About this task: Retype, word for word, the line holding "343533 RV King" and every line below it to the end of the listing. Leave out the pictures.

Source material:
══════
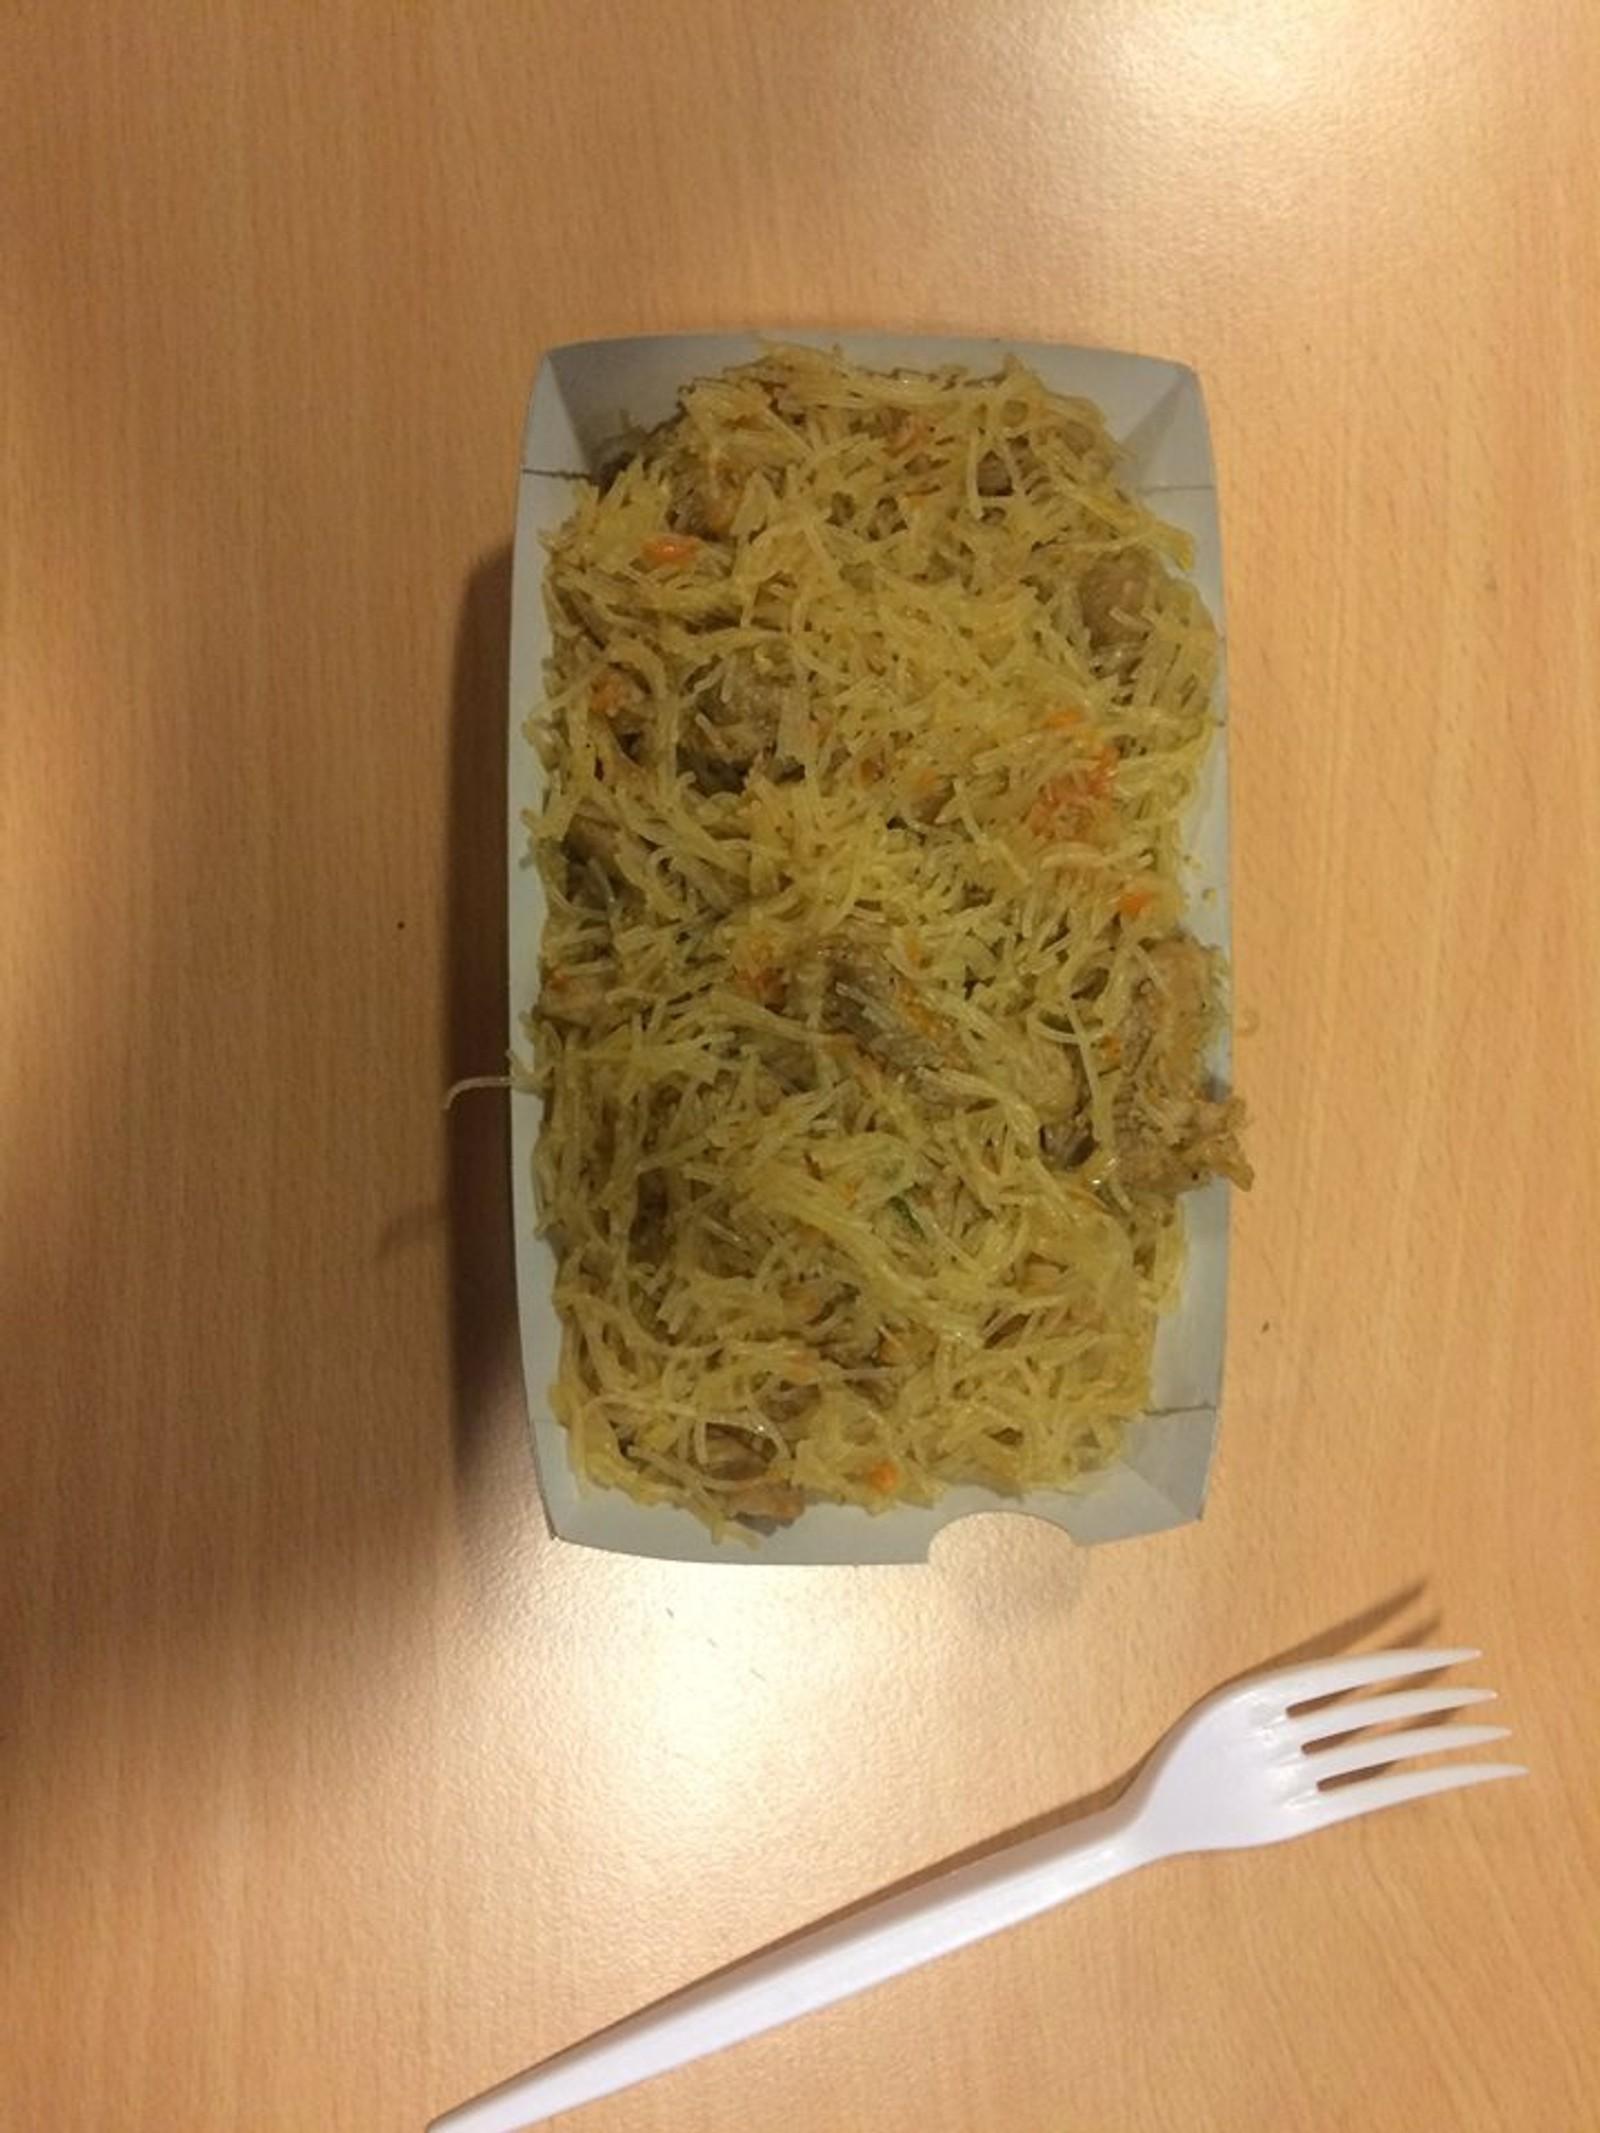 LANGHAUGEN: Tam på smaken og stusselig utseende, er dommen over denne pastaretten.
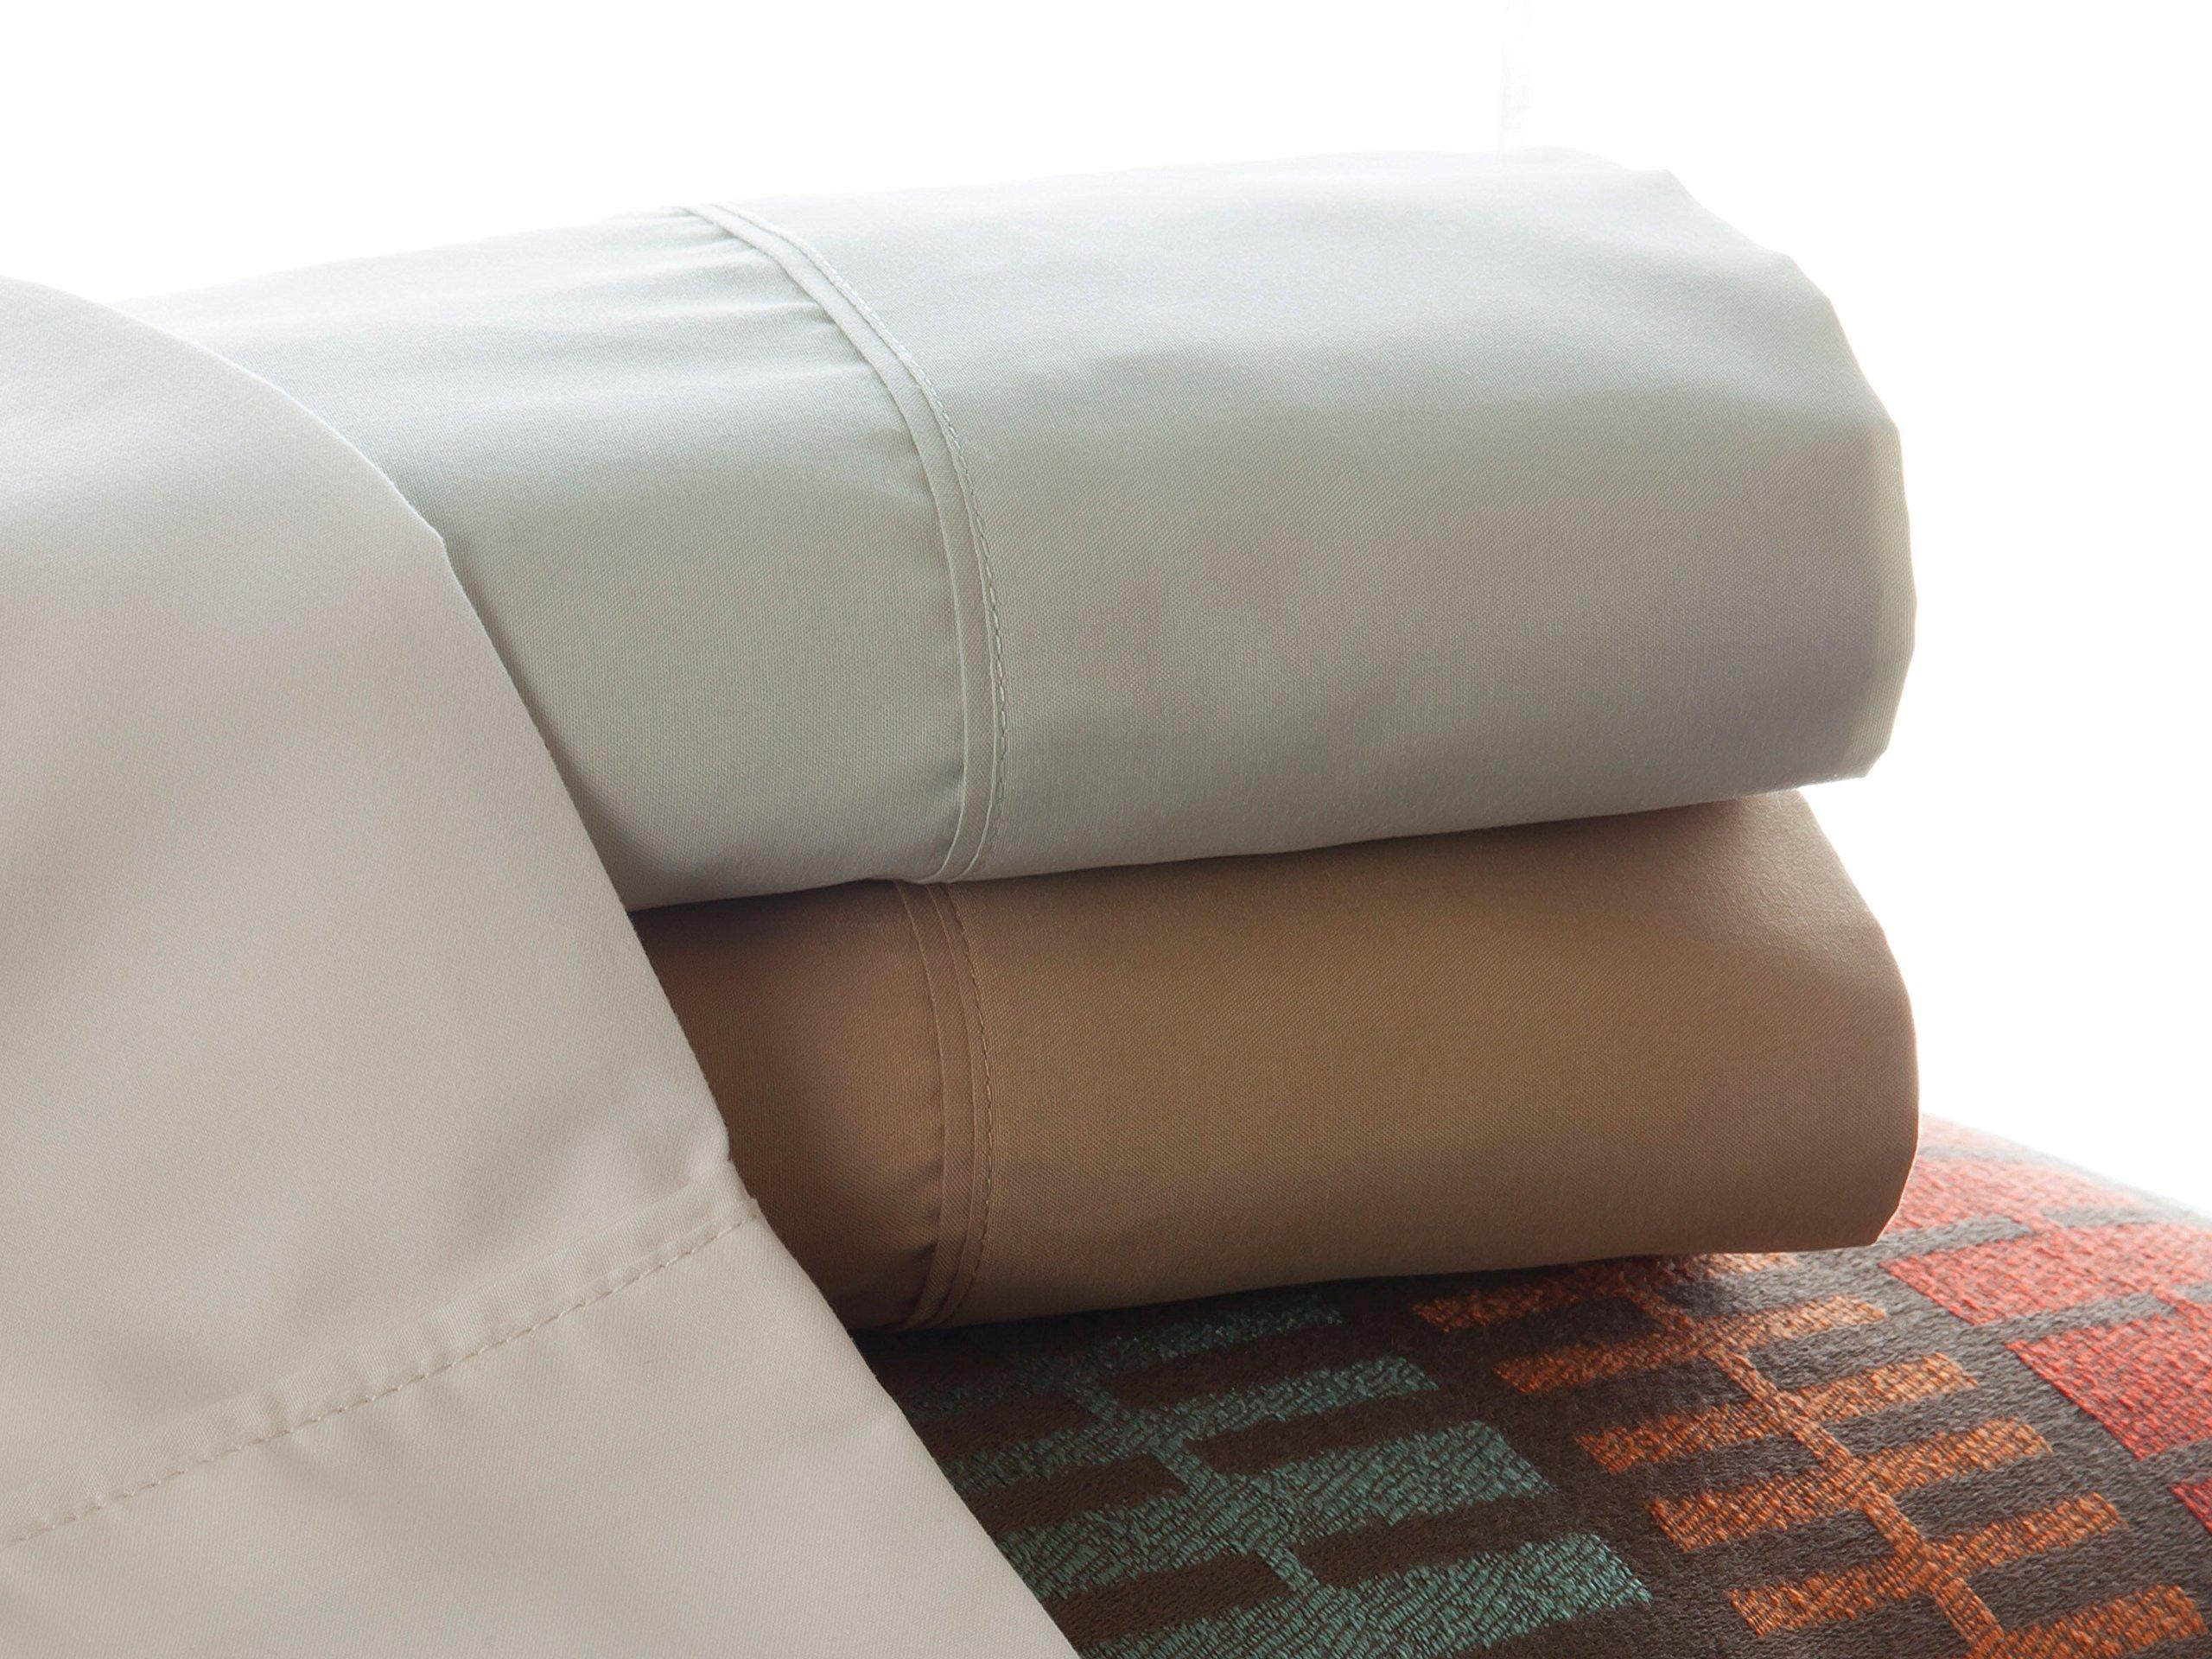 """Denver 343533 RV King Size Adjustable Sheet Set Ivory - Fits mattresses up to 6"""" deep Ultra-soft brushed microfiber Extra-long top sheet - sheet-sets, bedroom-sheets-comforters, bedroom - 91PHpU7xp9L -"""
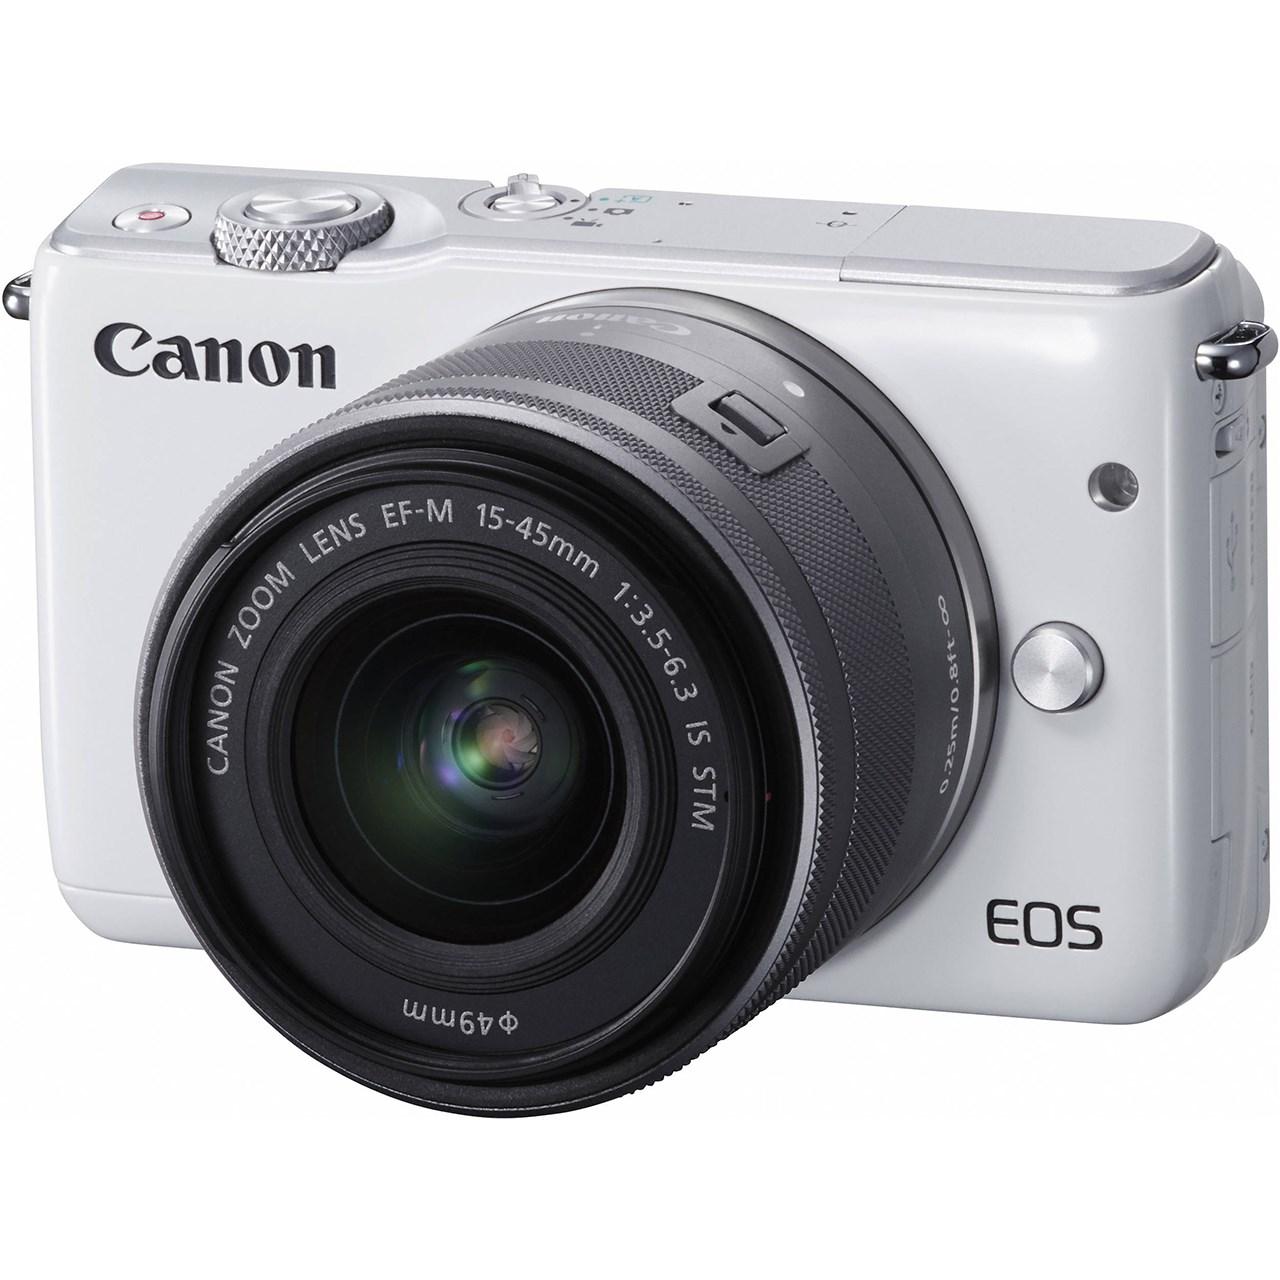 دوربين ديجيتال بدون آينه کانن مدل Canon EOS M10 Mirrorless Digital Camera With 15-45mm Lens
══════
Task response:
 """Denver 343533 RV King Size Adjustable Sheet Set Ivory - Fits mattresses up to 6"""" deep Ultra-soft brushed microfiber Extra-long top sheet - sheet-sets, bedroom-sheets-comforters, bedroom - 91PHpU7xp9L -"""
 دوربين ديجيتال بدون آينه کانن مدل Canon EOS M10 Mirrorless Digital Camera With 15-45mm Lens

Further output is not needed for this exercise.